╭─ Supplied data
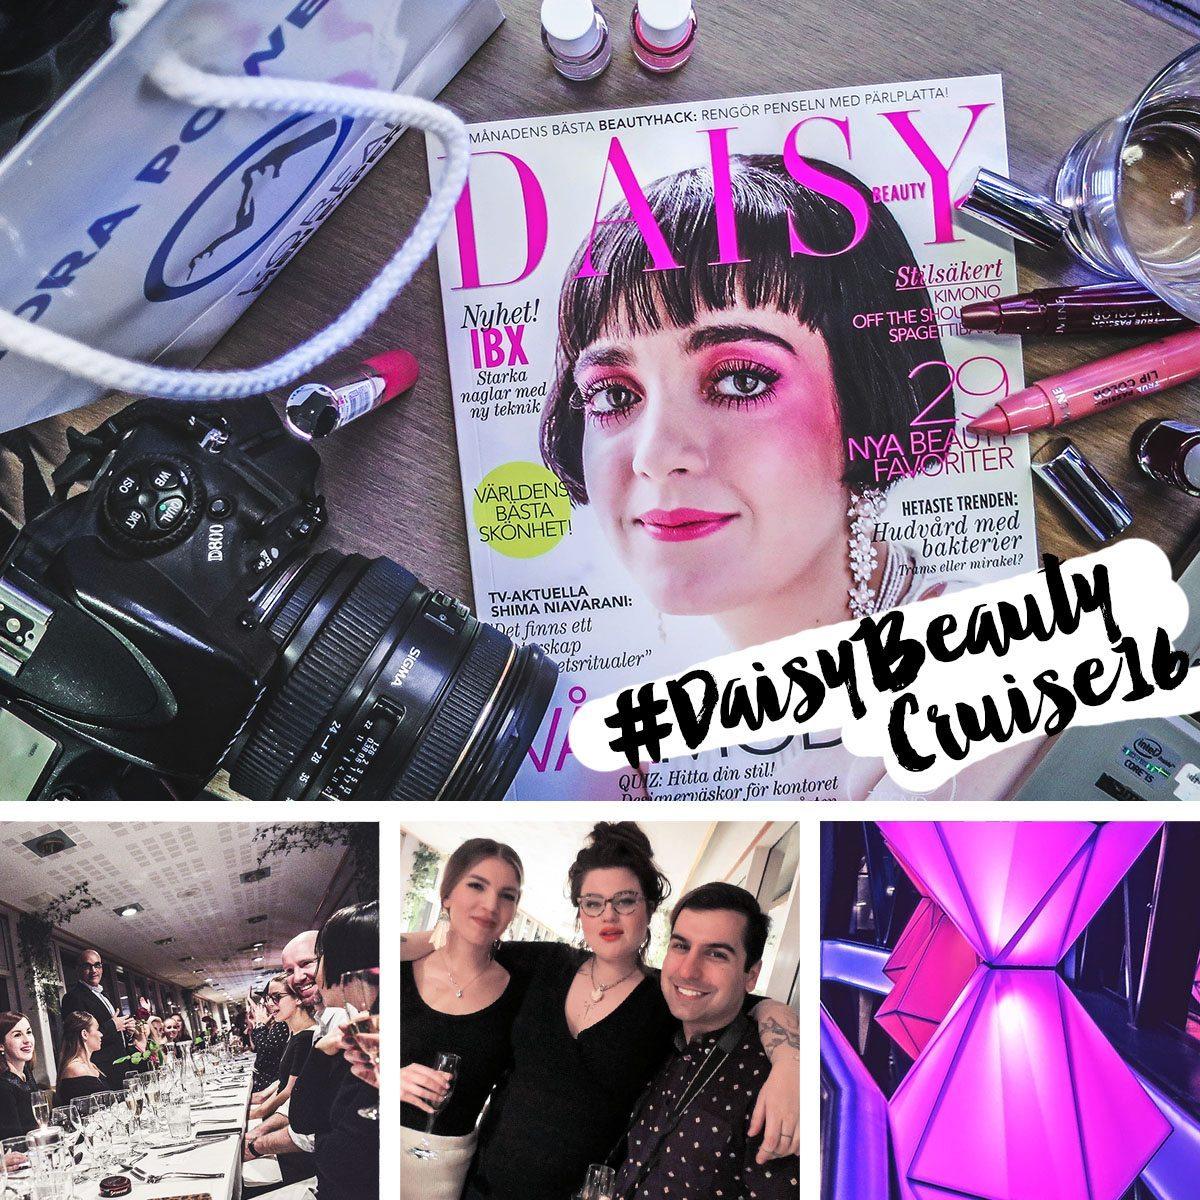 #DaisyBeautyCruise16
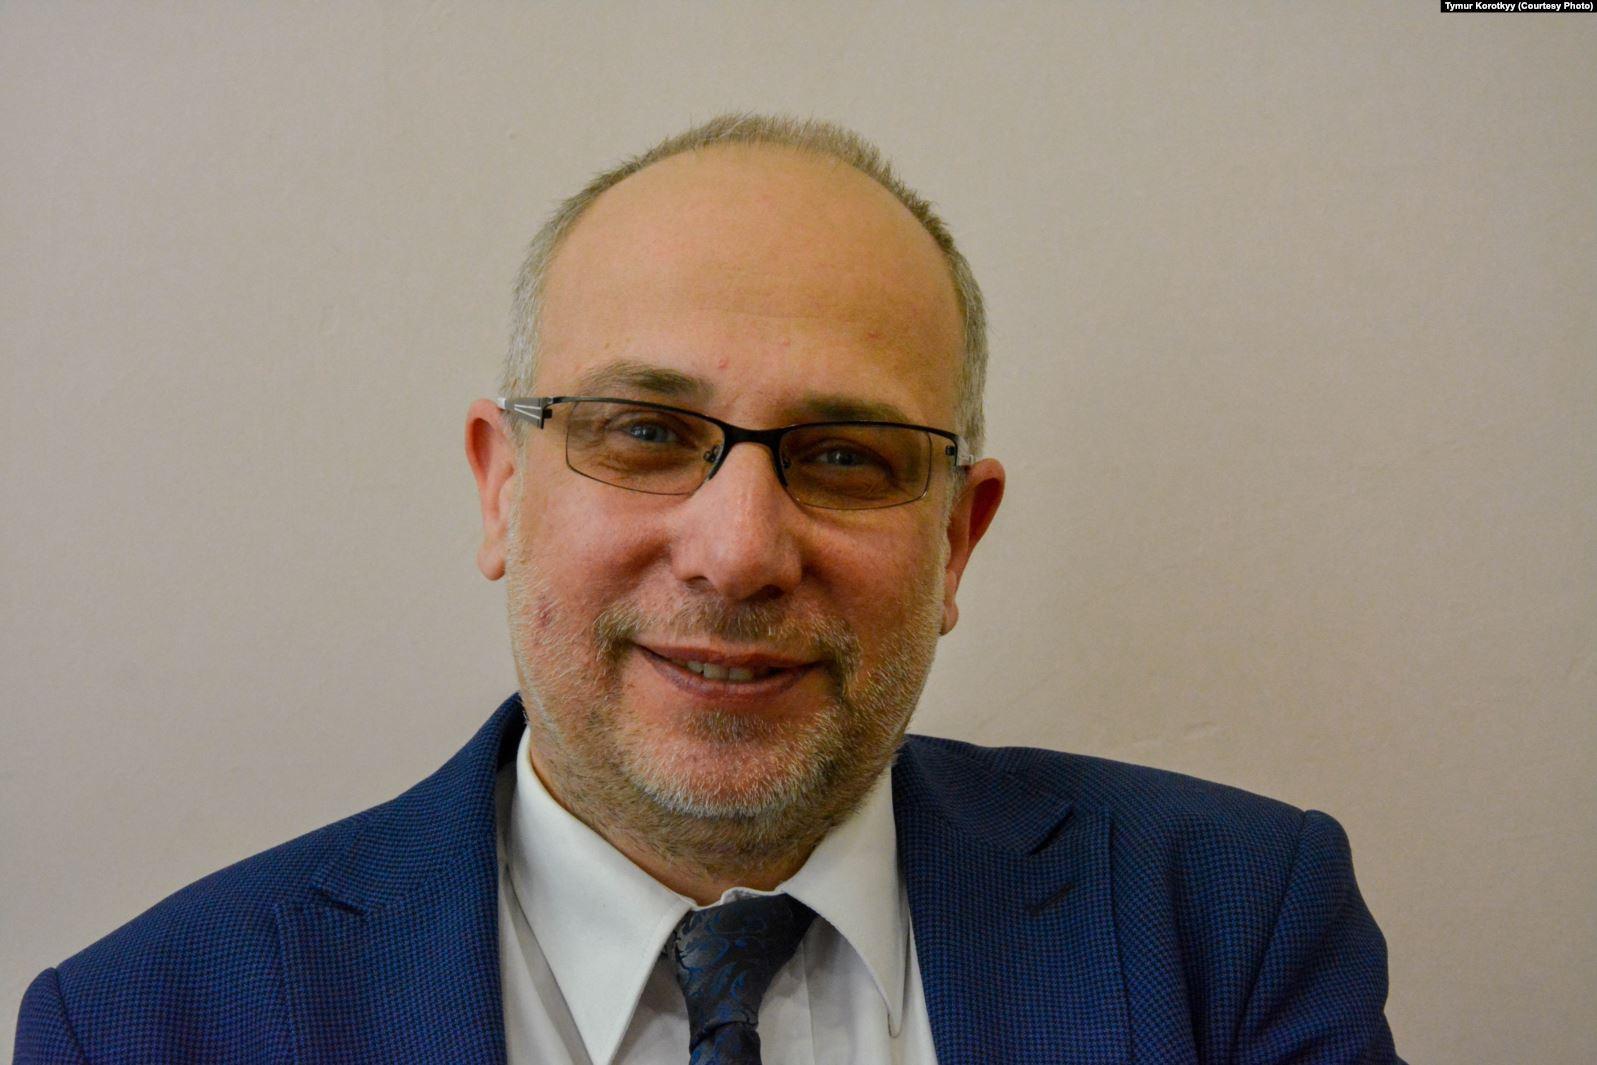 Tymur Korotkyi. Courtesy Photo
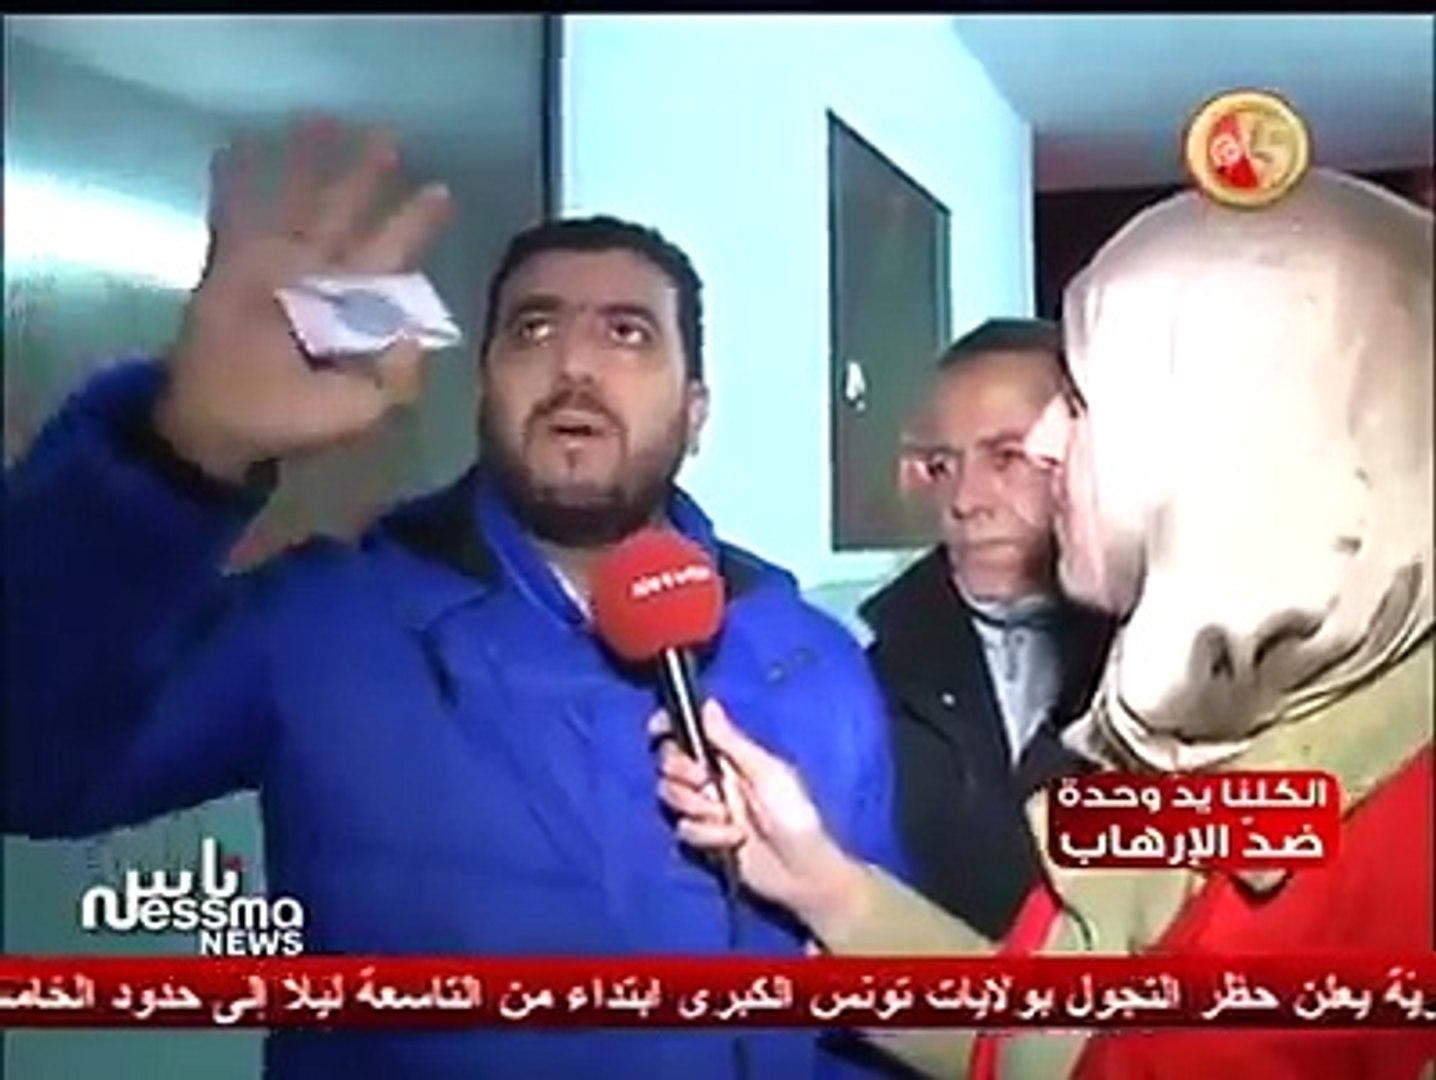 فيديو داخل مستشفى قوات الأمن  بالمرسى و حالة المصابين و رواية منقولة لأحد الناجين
╰─
╭─ Supplied data
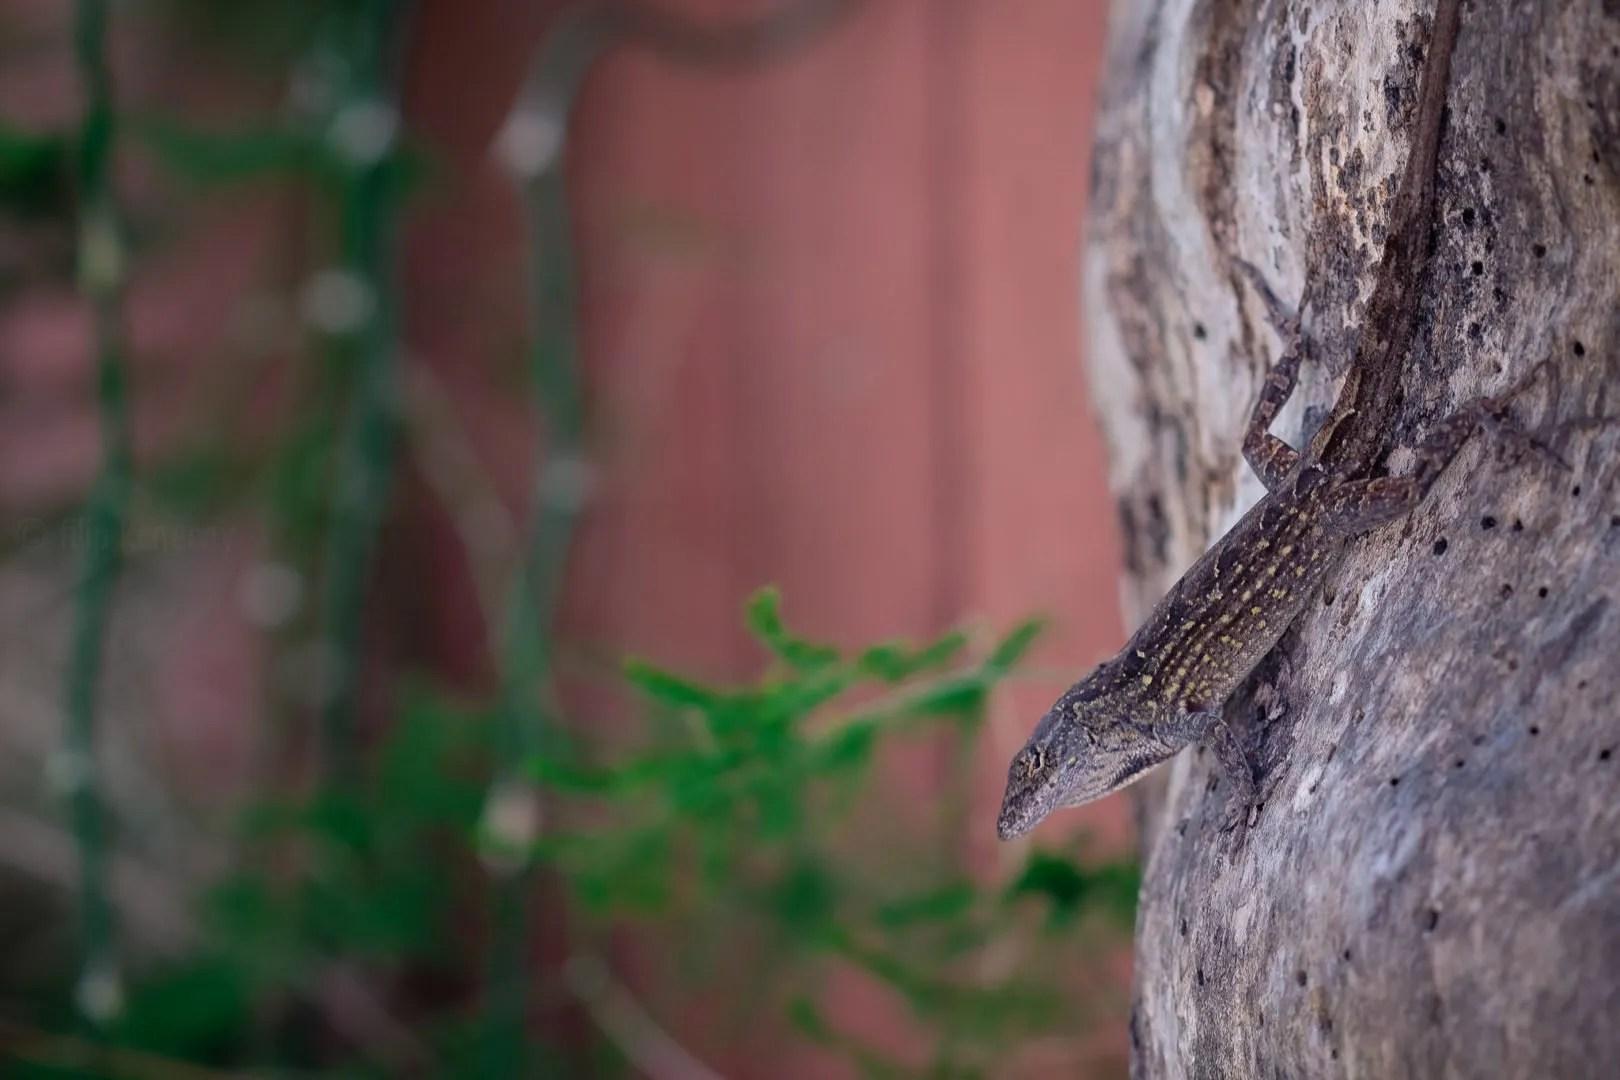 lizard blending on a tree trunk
╰─
╭─ Supplied data
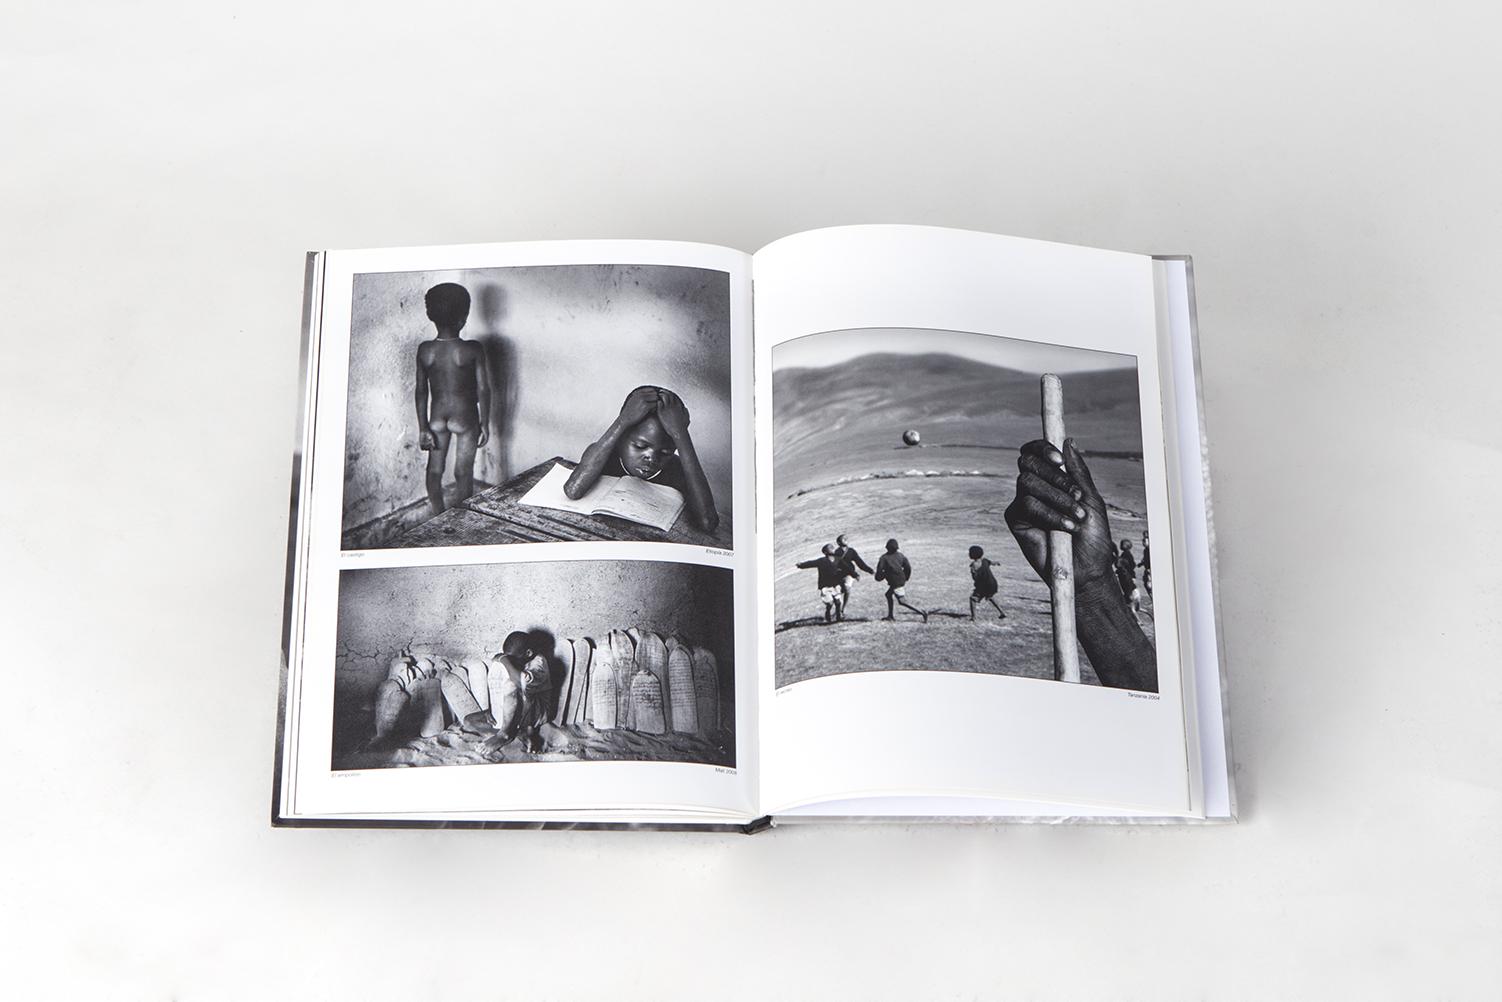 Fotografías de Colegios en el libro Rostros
╰─
What the task asks.
The lines above starting at the one that holds "#DaisyBeautyCruise16" and ending at the one that holds "فيديو داخل مستشفى" are to be written out exactly, ends included, and no pictures are to be copied.

Solution to this exercise.
 #DaisyBeautyCruise16
 Tymur Korotkyi. Courtesy Photo
 فيديو داخل مستشفى قوات الأمن  بالمرسى و حالة المصابين و رواية منقولة لأحد الناجين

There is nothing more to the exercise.